'''

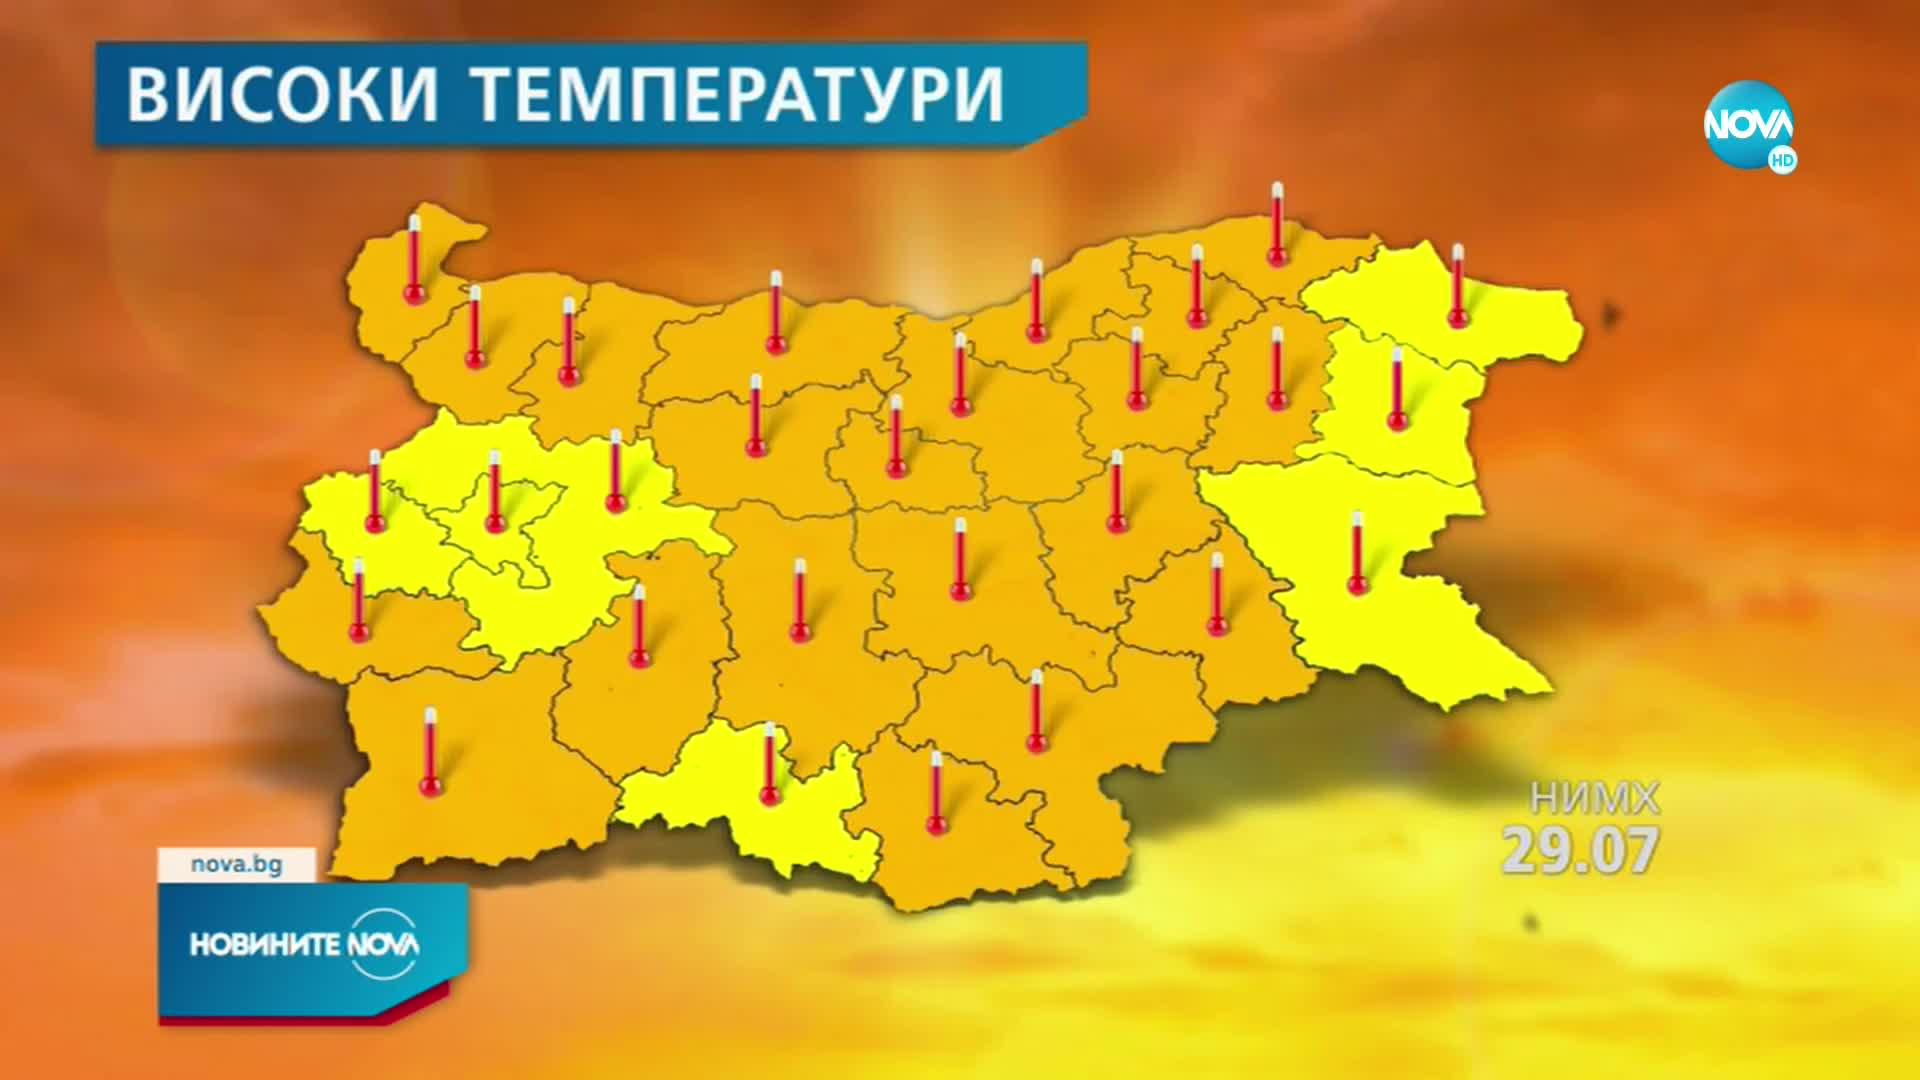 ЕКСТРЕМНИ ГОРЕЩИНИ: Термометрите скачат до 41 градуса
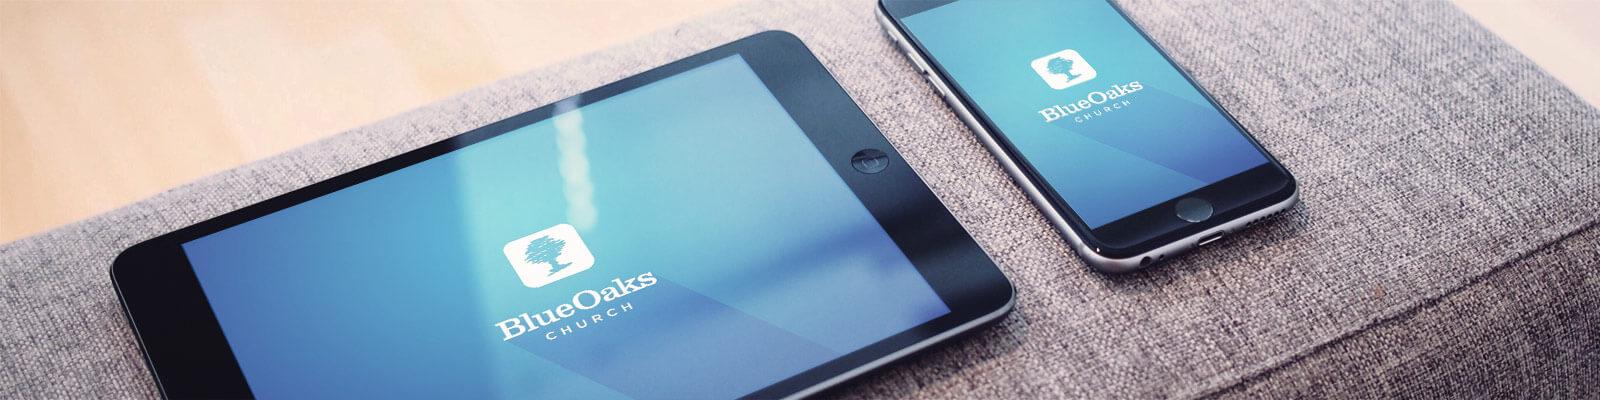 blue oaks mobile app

'''
'''

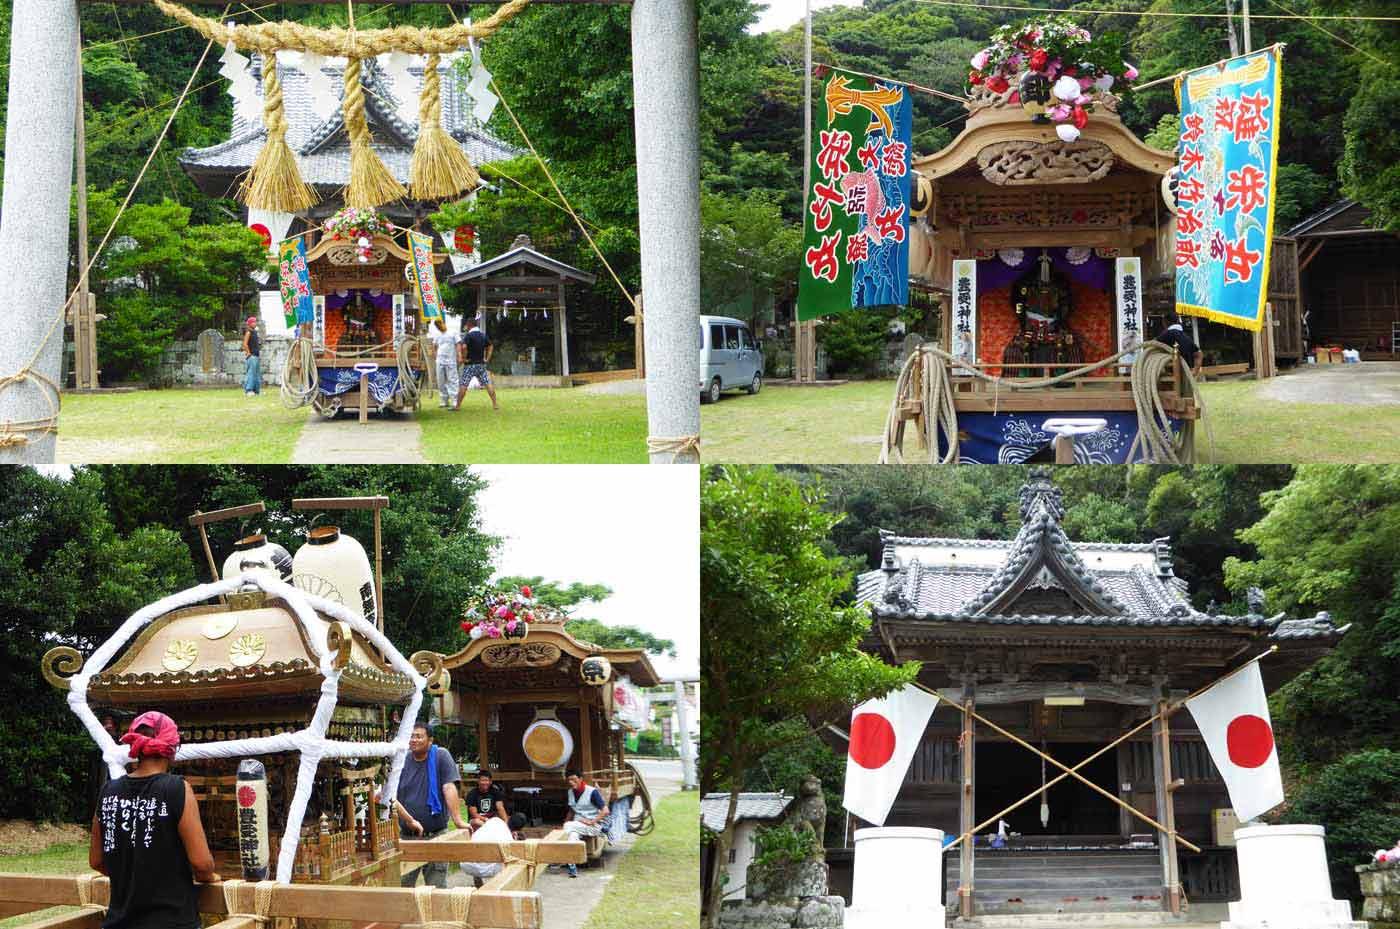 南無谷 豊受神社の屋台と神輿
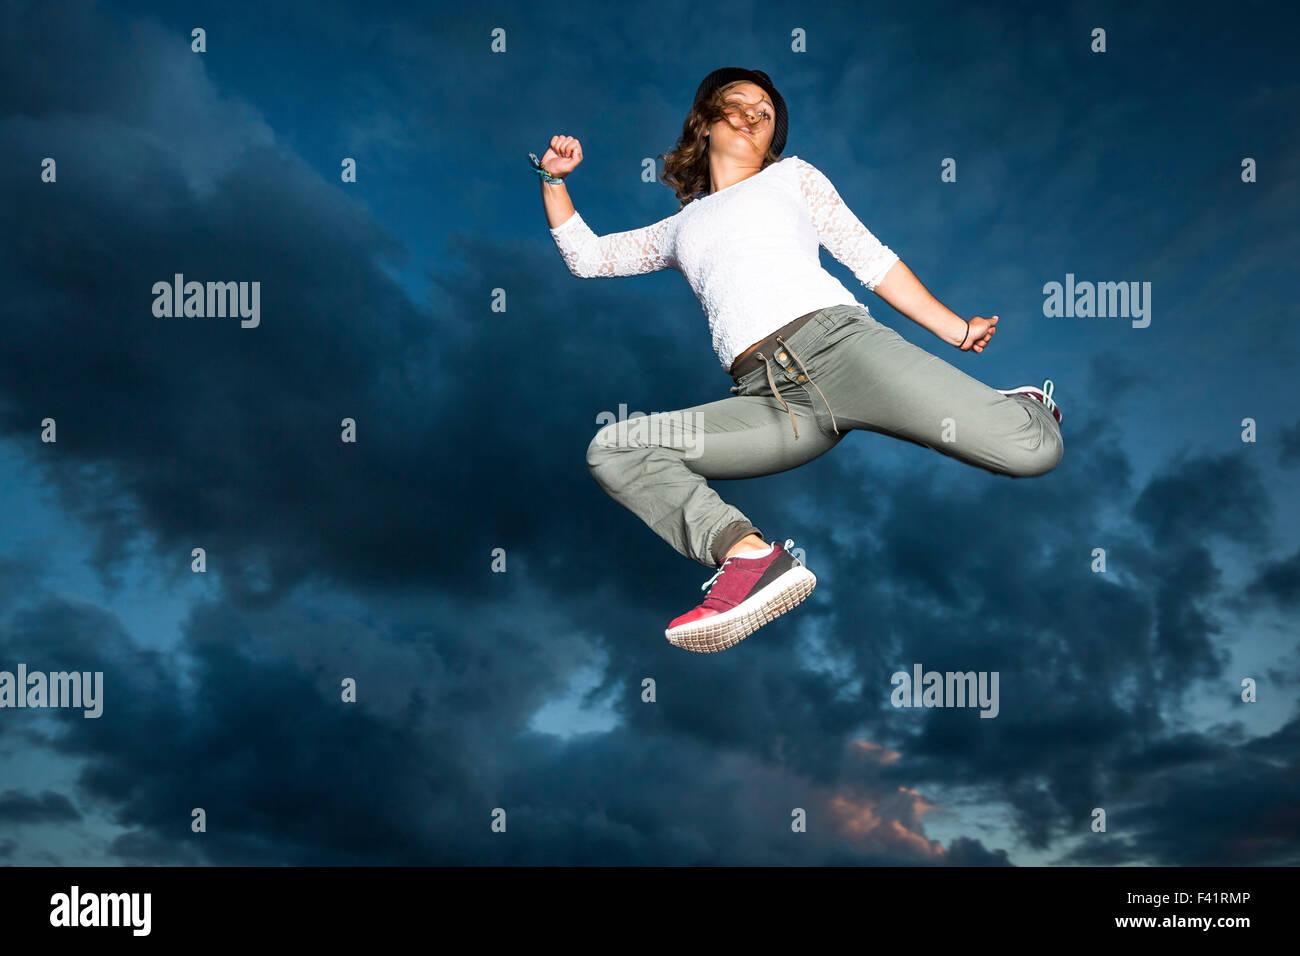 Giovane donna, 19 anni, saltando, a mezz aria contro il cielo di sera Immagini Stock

'''

Exercise prompt> Would you output the lines above from the line holding "南無谷 豊受神社の屋台と神輿" up to and including the line holding "Giovane donna, 19", exactly and only those, with no pictures?

Response for this exercise>
 南無谷 豊受神社の屋台と神輿
 Giovane donna, 19 anni, saltando, a mezz aria contro il cielo di sera Immagini Stock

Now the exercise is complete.